Una noche, al pasar junto al recinto, era una noche toda llena de perfumes de bananas y de gatas ronroneadas, pasó una joven que se quitó con rabia la sortija que llevaba al dedo y la arrojó sin fijarse dónde caía. Yo sí me fijé. La muchacha desapareció tras un portón, unos metros más allá. Al rato llegó otra mujer joven, tenía parte del rostro tapado por una pañoleta y también ella se alejó de prisa luego de dejar un canasto con trapos cerca del cubo de la basura.

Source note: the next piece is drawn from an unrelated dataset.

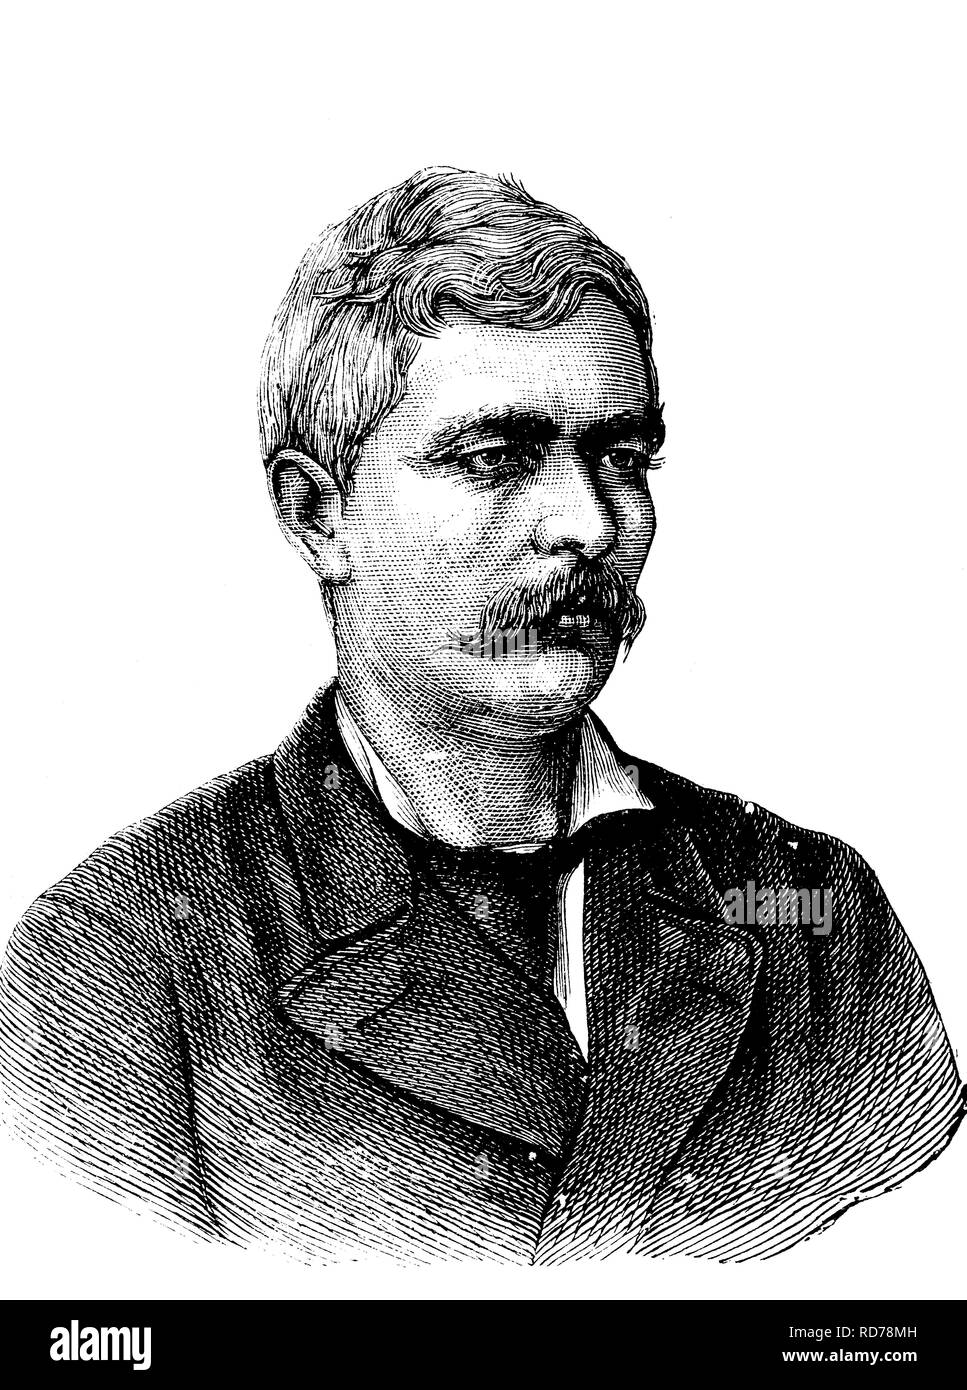 Henry Morton Stanley ou Bula Matari, 1841 - 1904, journaliste, auteur et explorateur, historique gravure sur bois, vers 1880 Banque D'Images

Cuando me estaba despidiendo de mi gatita (ella vive en una casa y no puede llegar tarde) percibí un cierto rumor parecido a nuestros maullidos de descontento y vi que dos manitas rosadas brotaban de los trapos del canasto. No supe qué hacer pero no tuve mucho tiempo para pensar porque llegó otra vez la joven del anillo. Traía una linterna y estaba acompañada por una mujer mayor que debía ser su madre. Discutían agitadas y al principio no oyeron el llanto que salía de la cesta.
Cuando lo escucharon, la mujer tomó en brazos a la criatura y la joven quedó petrificada por la sorpresa pero después de unos cuantos aspavientos siguió buscando su sortija con la ayuda de la linterna.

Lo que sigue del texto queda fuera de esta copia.